Plutocrat Putsch

The IMF’s quarterly magazine Finance and Development has a number of good articles on the financial crisis, with Noel Sacasa’s Preventing Future Crises leading the pack. He identifies “four sets of innovations and structural changes” that rendered the system unstable:

[P]rocyclical capital and accounting practices and regulations; excessive reliance on backward-looking, market-based risk management models and systems; and a more complex and opaque configuration of players; [and] the originate-to-distribute business model and reliance on wholesale funding markets.

Each of these is worth unpacking in a little more detail before discussing his solutions.

1. Procyclical capital requirements: “During upswings, the value of marked-to-market assets and collateral increases, while loan-loss allowances decrease because default rates are expected to decline in the short run. This raises the value of reported equity and lowers the typically shortsighted probability of default estimates for both borrowers and lenders.”

2. Taking Market Values at Face Value: “Too much reliance on market prices and on oversimplified, backward-looking models to manage risks, while neglecting due diligence and analysis of fundamentals, appears to have resulted in grossly underestimating risks, inducing complacency, and decreasing monitoring.”

3. The shadow banking system’s shadowy ties: “Compared with 30 years ago, the current financial system shows more blurred distinctions between different types of players, greater consolidation, many new types of players, and tighter but more opaque interconnections between them.”

4. The downside of securitization: “Securitization and the development of private-label complex structured credit . . . may . . . have contributed to greater aggregate risk-taking and, instead of resulting in an efficient dispersion of risks, have led to a destabilizing shift of risks toward institutions that could not adequately manage them, to the reversion of some of these risks to banks that had supposedly offloaded them, and to much more uncertainty about the actual distribution of risks among market participants. . . . [Investors] relied excessively on the reputation of the institutions involved and on the credit ratings of the instruments.

Sacasa mentions several “regulatory reform priorities” in the articles, most of which sounded quite plausible to me. Who can doubt the wisdom of “making both capital requirements and macroeconomic policy more countercyclical,” improving the “quality of the credit rating process,” and reducing conflicts of interest? My question is whether any of these goals can be achieved without fundamentally reassessing the culture of compensation in these financial institutions–where the upside for reckless risk-taking is enormous, and the downside trivial.

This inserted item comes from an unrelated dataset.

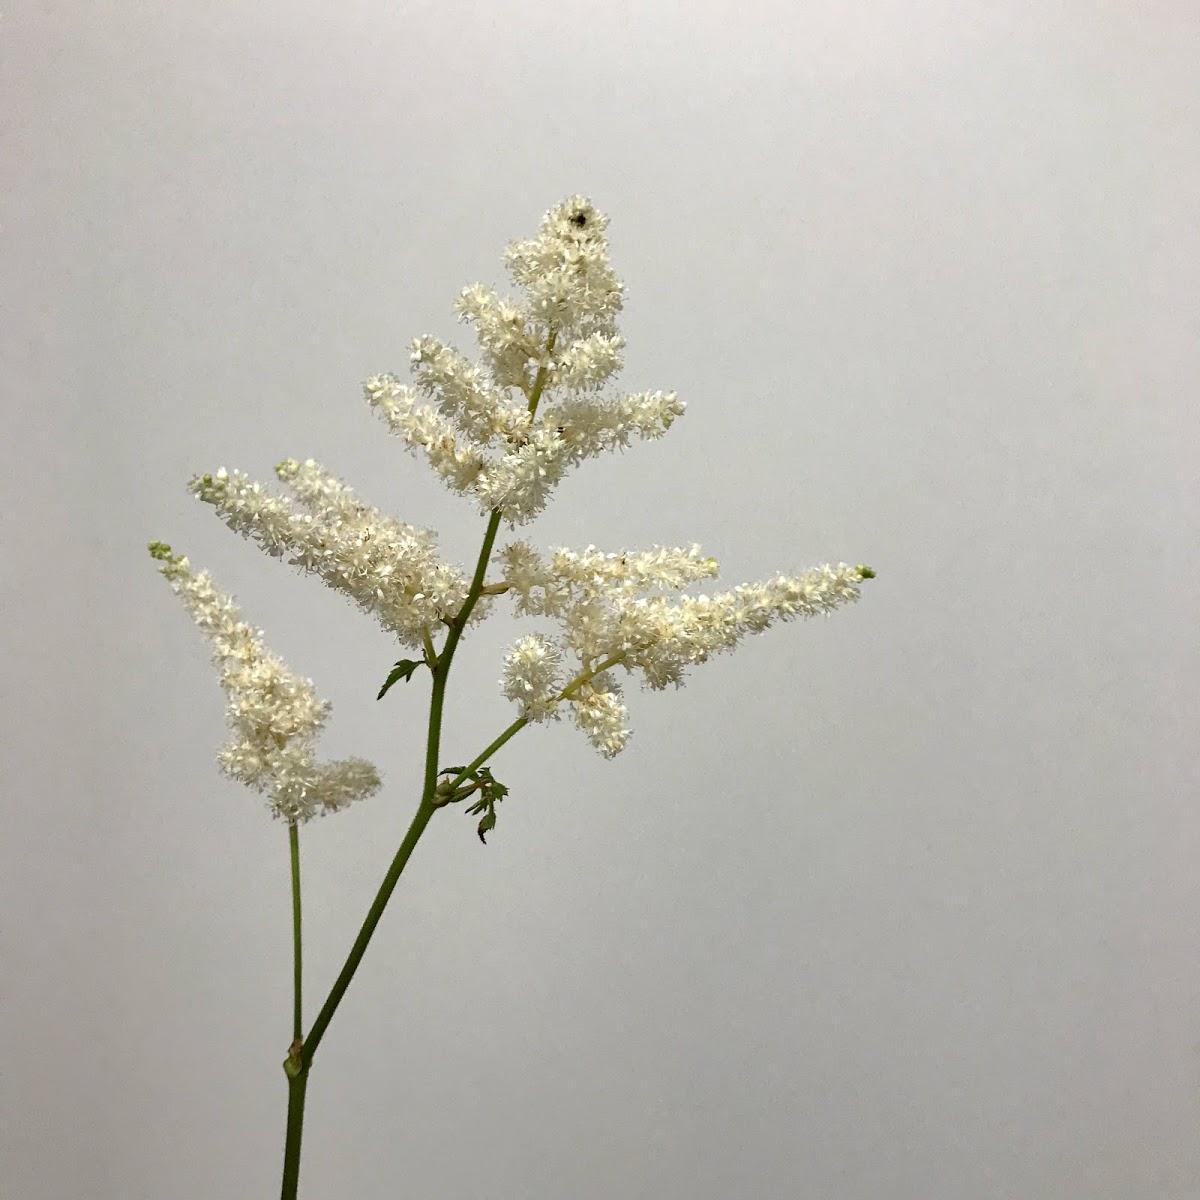 f:id:asunaro-flower:20200614040025j:plain

If Dick Fuld can pilot Lehman to destruction and walk away with half a billion dollars–the total life-product of roughly 10,000 workers at his disposal–why should any future finance industry CEO avoid doing what he did once “normalcy” returns? If John Thain can demand a $10 million bonus from the Merrill Lynch in this of all years, what is the limit on what these people think they are woth–and will try every imaginable form of maneuvering to get? And doesn’t this maneuvering by its very nature depend on ever more volume or velocity of money chanelled into ever-riskier and more leveraged investments?

The Wall Street-Washington nexus of exchange (of campaign contributions for regulatory favors) has made the former party far stronger than the latter. One very important way of righting that balance is to tamp down the ability of people at the top of the investment world to accumulate so much money that they effectively control the terms of their regulation. Unsurprisingly, they managed to basically undo the very provision of the bailout meant to do just that:

Congress wanted to guarantee that the $700 billion financial bailout would limit the eye-popping pay of Wall Street executives, so lawmakers included a mechanism for reviewing executive compensation and penalizing firms that break the rules.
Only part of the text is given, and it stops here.